La bellezza secondo Federico Catta
A tu per tu con Federico Catta che ci svela il suo ideale di bellezza nel mondo della Chirurgia Plastica.
Federico Catta, classe 1987, è noto ai più per il suo profilo Instagram: The Lonely Goathered. È molto seguito anche su Facebook, dove con ironia racconta le sue giornate e condivide i più svariati pensieri. Forse non tutti sanno che, nella vita vera, Federico è un medico. Si sta specializzando in Chirurgia Plastica e -mentre lo intervisto- si trova a Parigi, dove si è trasferito da qualche mese per studiare e lavorare.
Visto da fuori, il mondo della Chirurgia Plastica sembra costituito da “ritocchini” e corpi finti. Ma non è così. Dietro c’è molto di più, ci sono anni di ricerca e studi in medicina, di cui chiediamo al Dottor Catta.
La scelta della specializzazione in Chirurgia Plastica da cosa è nata? È un interesse che ti porti dietro da tanto, o è maturato nel corso degli studi in Medicina e Chirurgia?
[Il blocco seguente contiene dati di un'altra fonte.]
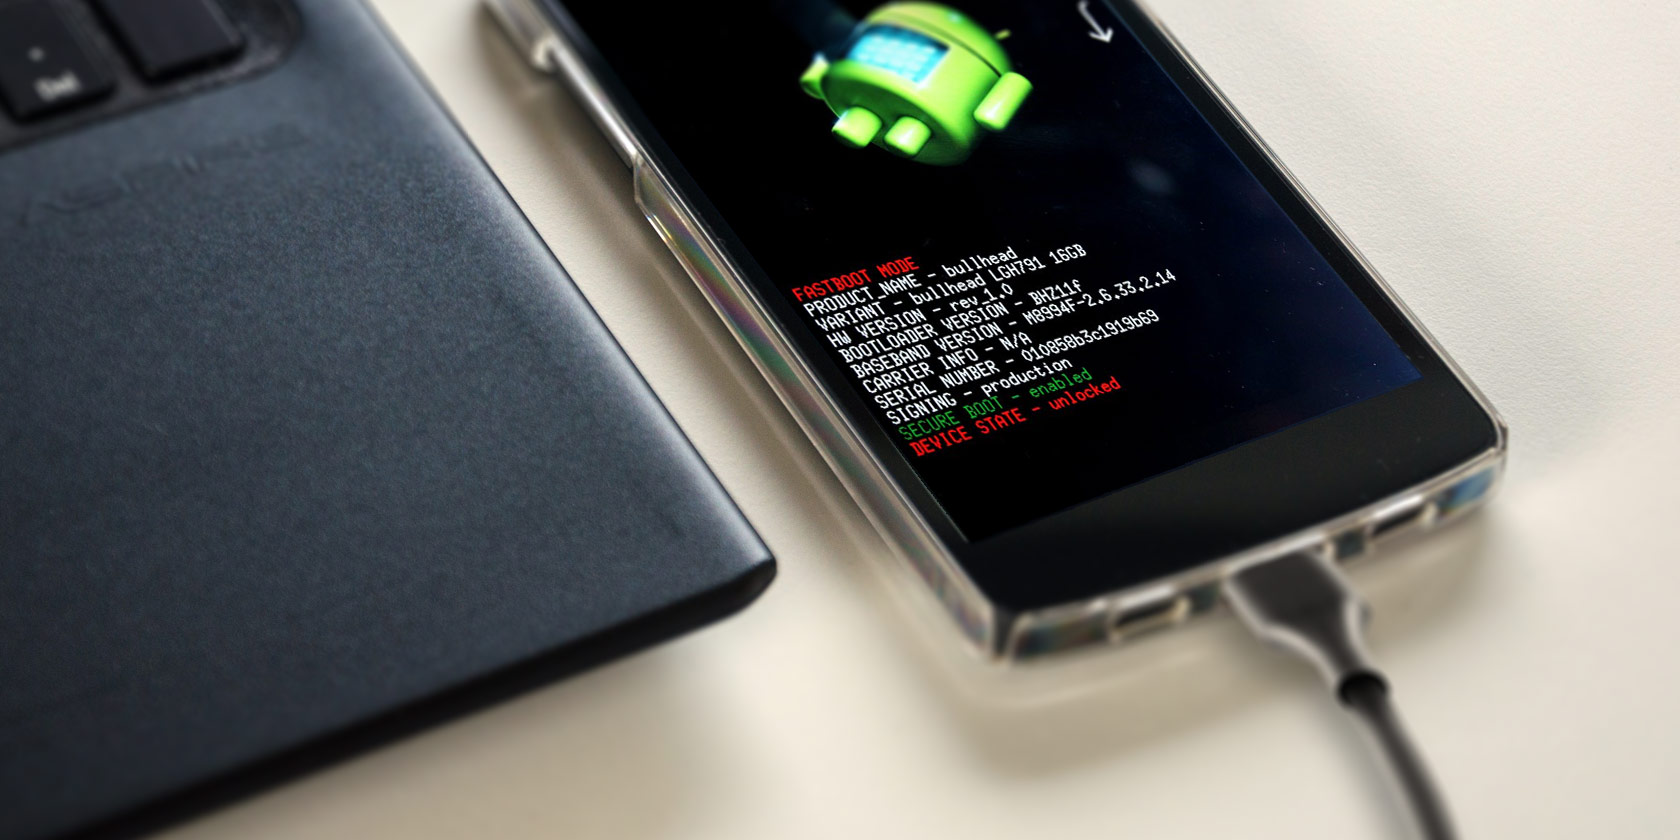 Hướng dẫn cách cài đặt ADB, Fastboot trên Android và sử dụng các lệnh cơ bản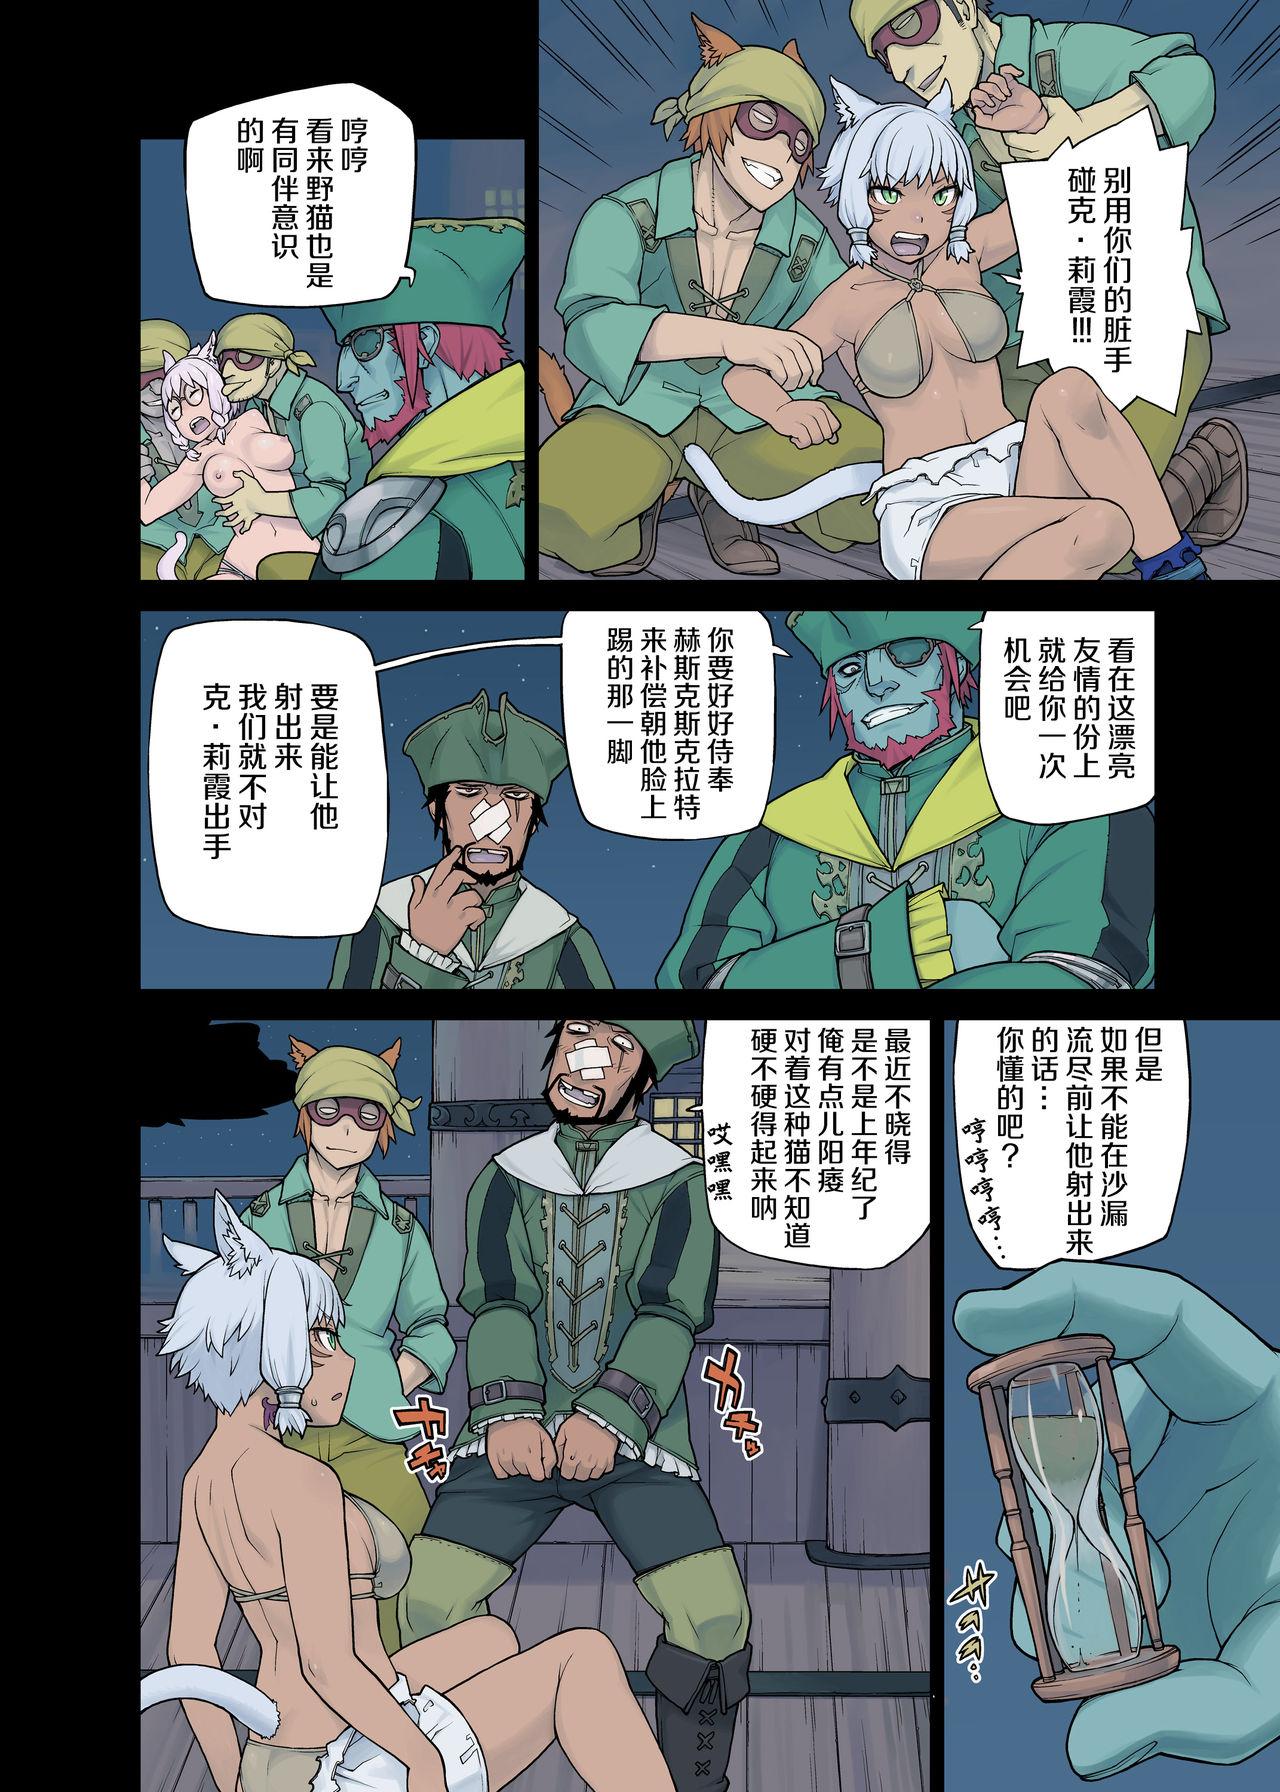 Bunduda Neko Daisuki XIV - Final fantasy xiv Gay Hairy - Page 12

Si può dire che la scelta di far il medico e quella di far il chirurgo plastico siano maturate contemporaneamente. Soprattutto negli anni del liceo mi sono spesso immaginato a far il medico, in particolare il chirurgo; ho, inoltre, sempre pensato che la Chirurgia Plastica avesse delle caratteristiche adatte a me, quindi ho iniziato il mio percorso di formazione con questa consapevolezza. Pur esplorando altri settori -sempre in campo chirurgico- sono poi tornato alla scelta iniziale, cioè quella della Chirurgia Plastica in cui mi sto specializzando.
Perché dici che la Chirurgia Plastica ha delle caratteristiche adatte a te? In cosa si distingue dalle altre specialità?
Anche se è una una disciplina giovane, nata nel Novecento e sviluppatasi negli ultimi decenni, può esser considerata la più chirurgica delle chirurgie: spesso i pazienti, al di là delle problematiche che hanno (cioè più serie legate alla ricostruzione, o il semplice desiderio di modificare il proprio aspetto), non hanno criticità legate all’urgenza. Ciò permette un approccio nel quale la finezza del gesto e del risultato sono cruciali, quindi in questo senso è la più manuale delle chirurgie e, appunto, la più “chirurgica”.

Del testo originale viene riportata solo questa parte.